Capítulo VIII - Sous les grandes chaînes

SOUS LES GRANDS CHÊNES

Eh bien! prenons patience, Germain, dit la petite Marie. Nous ne sommes pas mal sur cette petite hauteur. La pluie ne perce pas la feuillée de ces gros chênes, et nous pouvons allumer du feu, car je sens de vieilles souches qui ne tiennent à rien et qui sont assez sèches pour flamber. Vous avez bien du feu, Germain? Vous fumiez votre pipe tantôt.

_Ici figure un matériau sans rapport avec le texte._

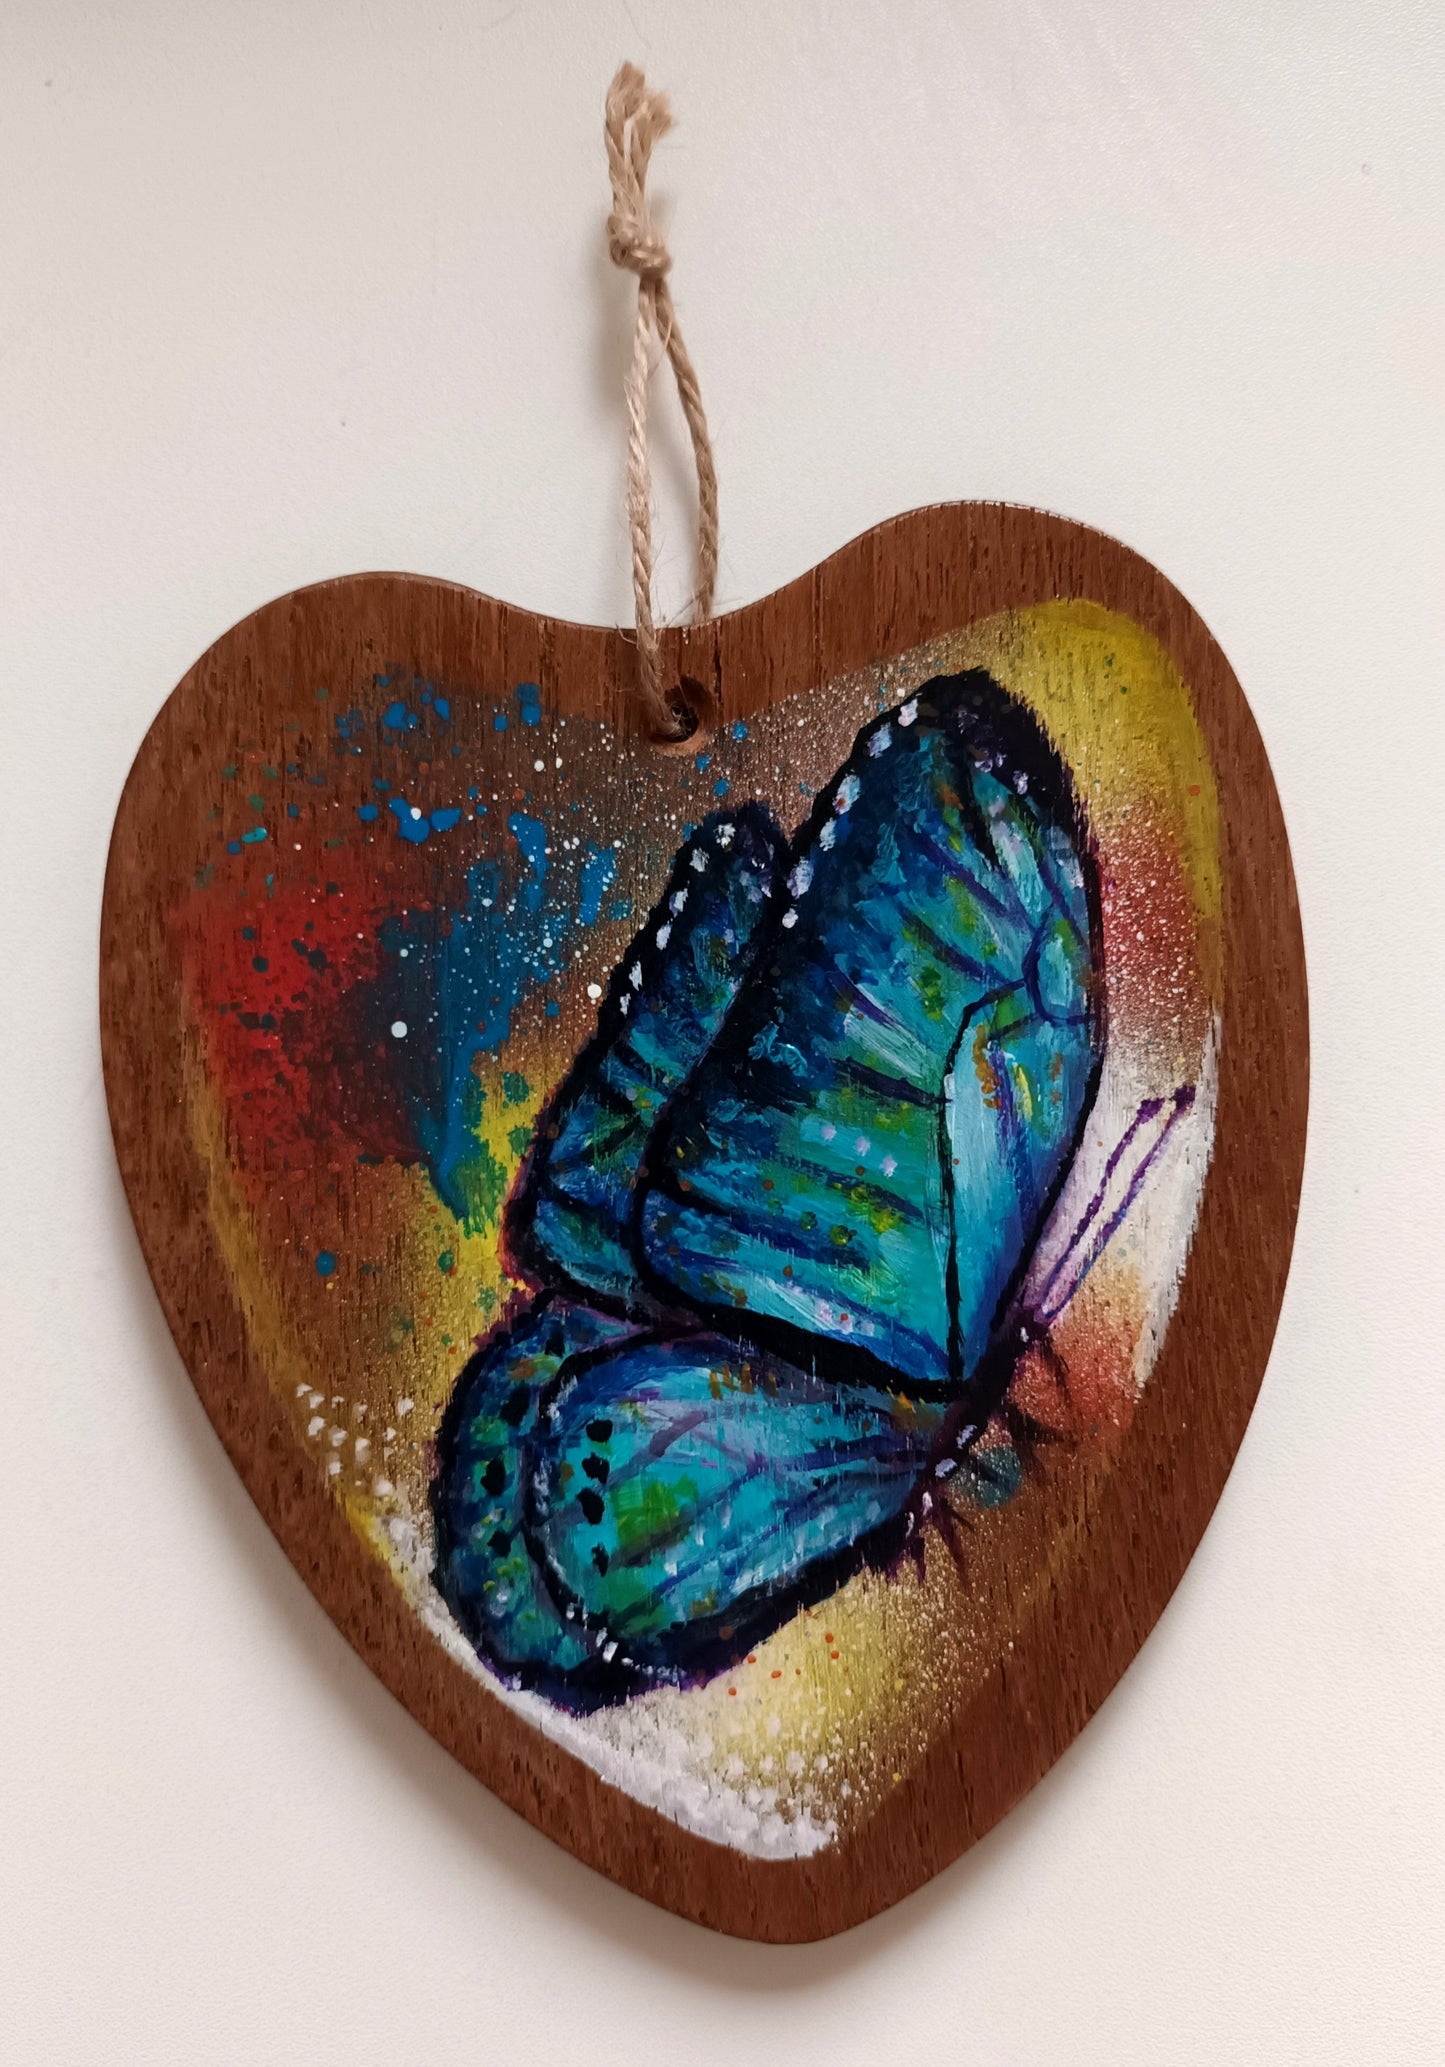 "Transformation Magic" Painting on a wooden heart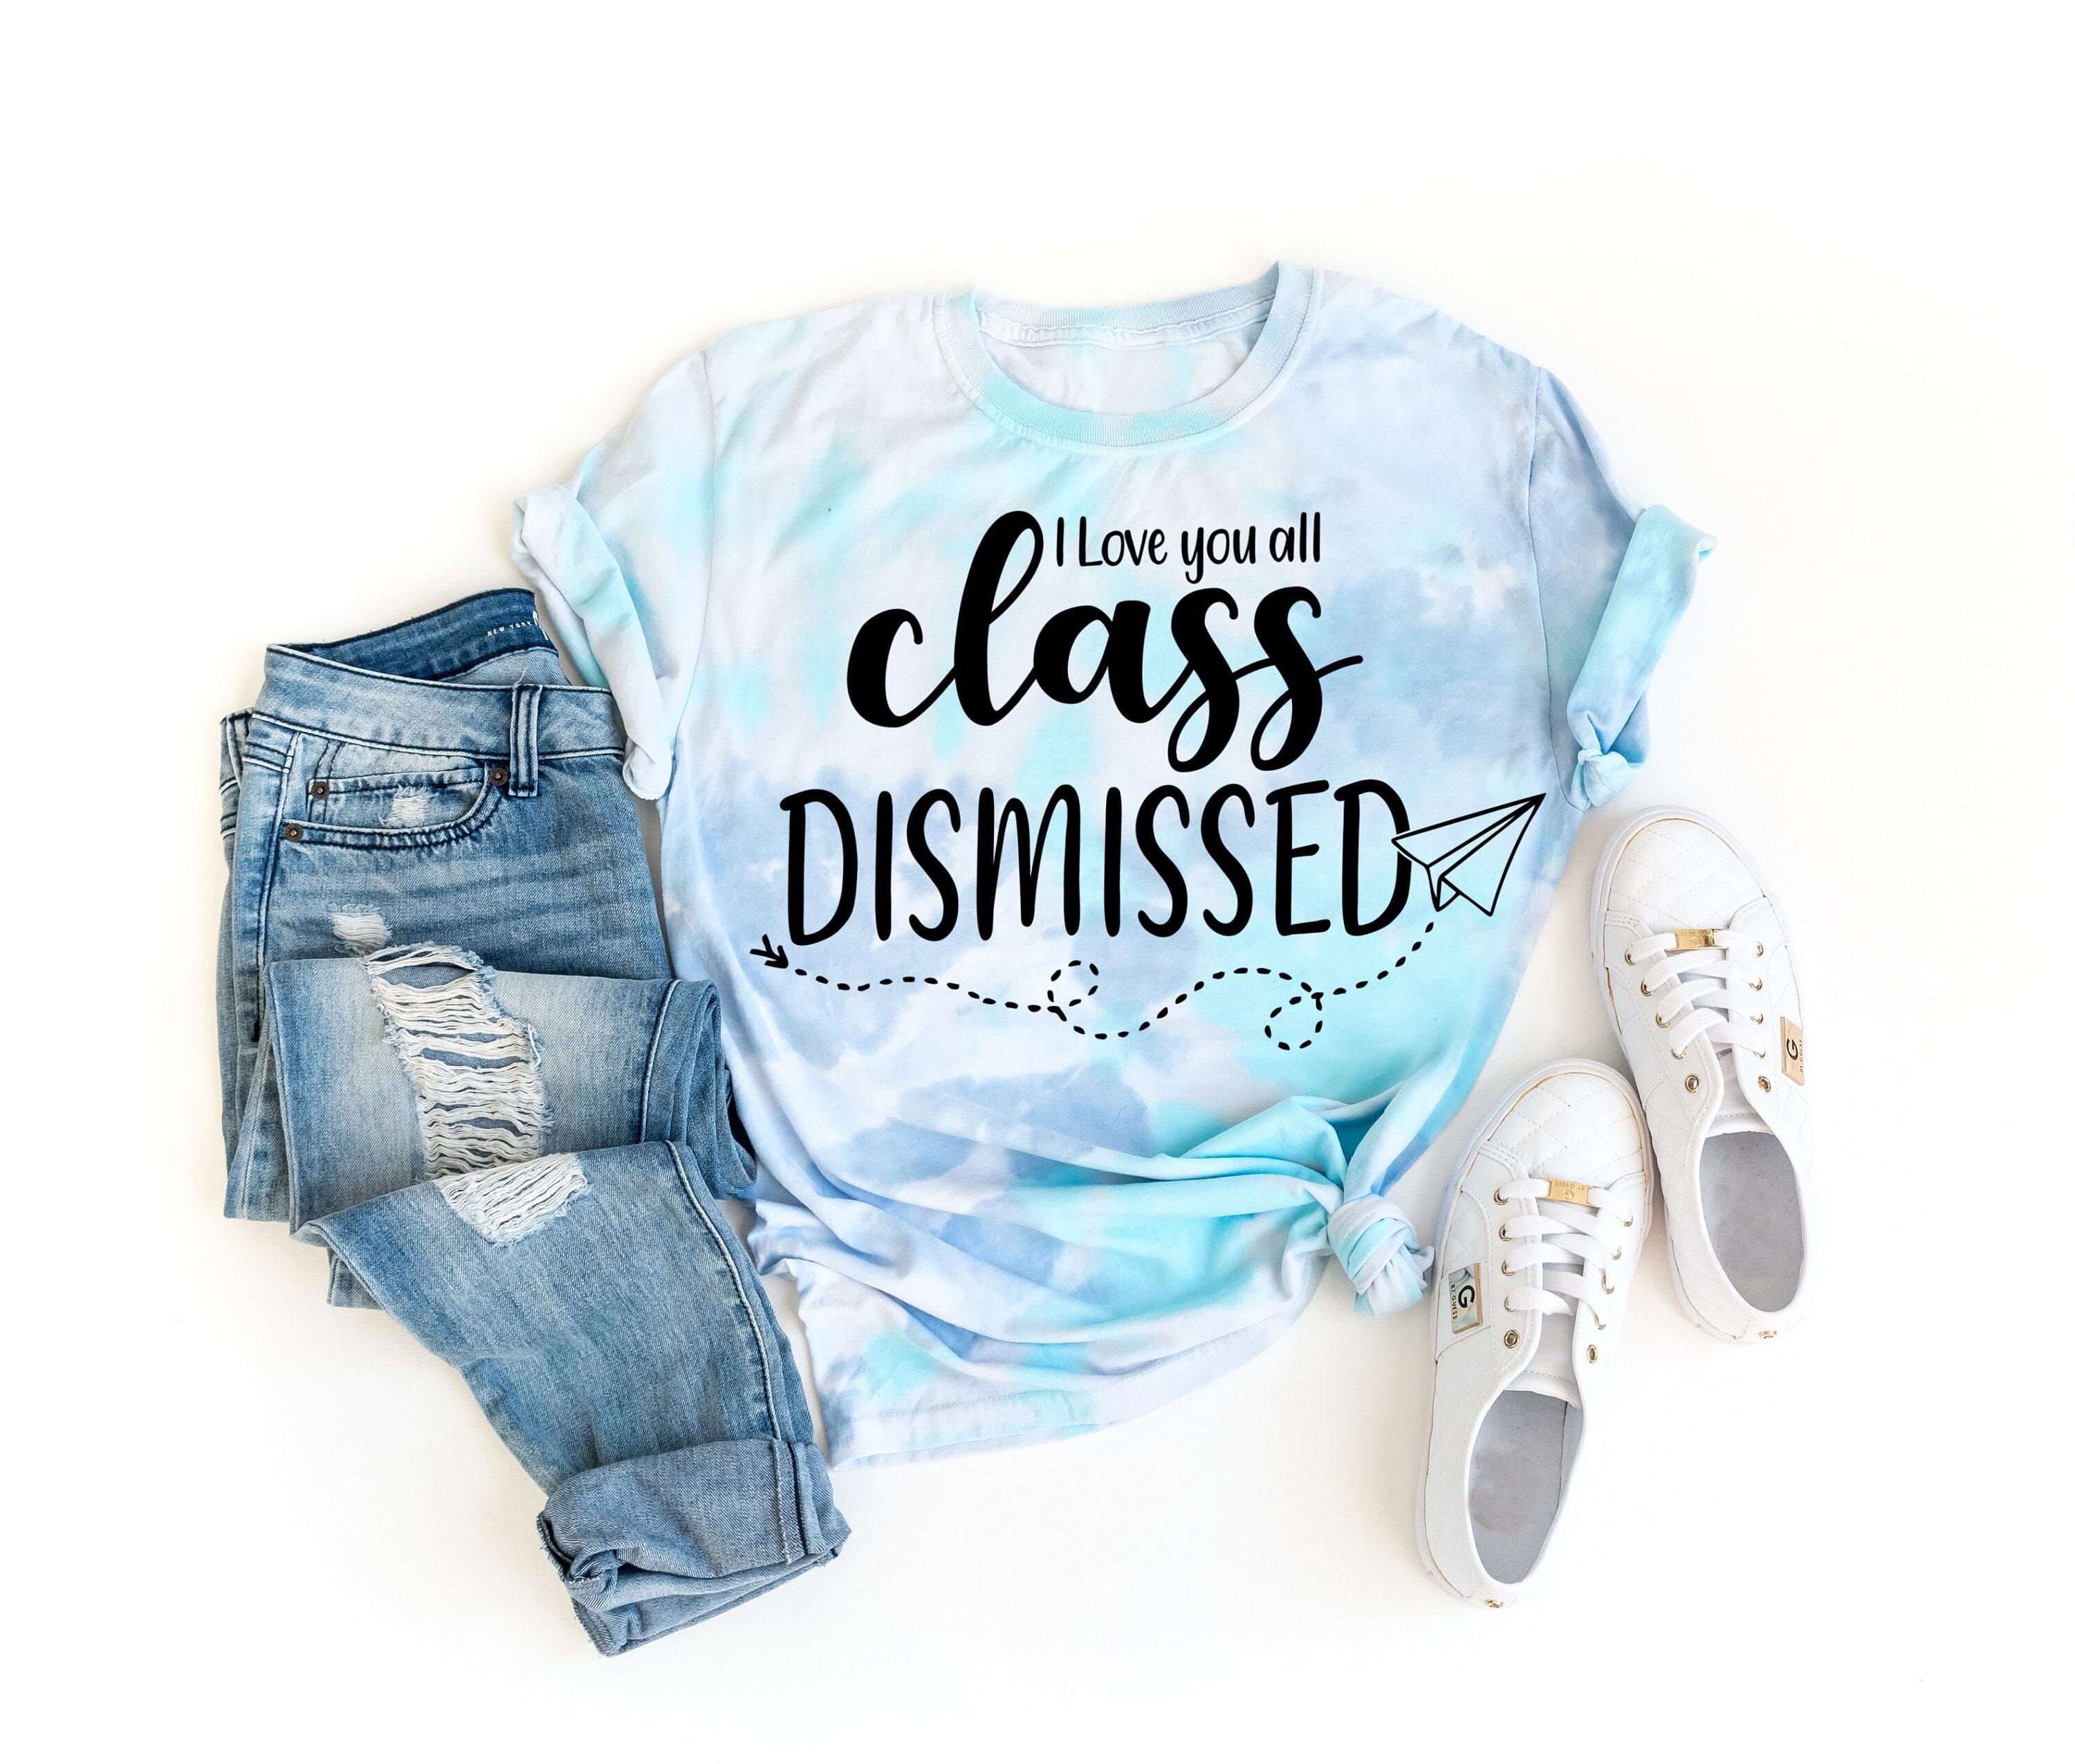 Class Dismissed Teacher Shirts Last Day of School Shirt Teacher Shirt End of Year Teacher Gift Thank you Gift Funny Teacher Tshirt

SOB OS GRANDES CARVALHEIROS

Está bem! Tenhamos paciência, Germain, disse a Mariazinha. Nós não estamos mal sobre este montinho. A chuva não passa através da folhagem destes grandes carvalhos, e nós podemos acender um fogo, é que eu estou a sentir velhos troncos mortos que estão bastante secos para arder. Tendes aí ao menos fogo? Fumastes cachimbo à tardinha.

— J'en avais! mon briquet était sur le bât dans mon sac, avec le gibier que je portais à ma future; mais la maudite jument a tout emporté, même mon manteau, qu'elle va perdre et déchirer à toutes les branches.

- Tinha disso! O meu isqueiro estava na albarda, dentro do meu saco, com as peças de caça que trazia à minha futura, mas a maldita égua levou tudo, até mesmo o capote que ela vai perder e rasgar contra os ramos.

— Non pas, Germain; la bâtine, le manteau, le sac, tout est là par terre, à vos pieds. La Grise a cassé les sangles et tout jeté à côté d'elle en partant.
— C'est, vrai Dieu, certain! dit le laboureur; et si nous pouvons trouver un peu de bois mort à tâtons, nous réussirons à nous sécher et à nous réchauffer.

- Nada disso, Germain; a albarda, o capote, o saco, tudo está aí no chão aos vossos pés. A Grise quebrou a cilha e atirou tudo para o lado ao partir.
- É verdade, meu Deus, é certo! Disse o agricultor; e se nós pudermos encontrar um pouco de madeira morta às apalpadelas, conseguiremos secar-nos e aquecer-nos.

— Ce n'est pas difficile, dit la petite Marie, le bois mort craque partout sous les pieds; mais donnez-moi d'abord ici la bâtine.
— Qu'en veux-tu faire?
— Un lit pour le petit: non, pas comme ça, à l'envers; il ne roulera pas dans la ruelle; et c'est encore tout chaud du dos de la bête. Calez-moi ça de chaque côté avec ces pierres que vous voyez là!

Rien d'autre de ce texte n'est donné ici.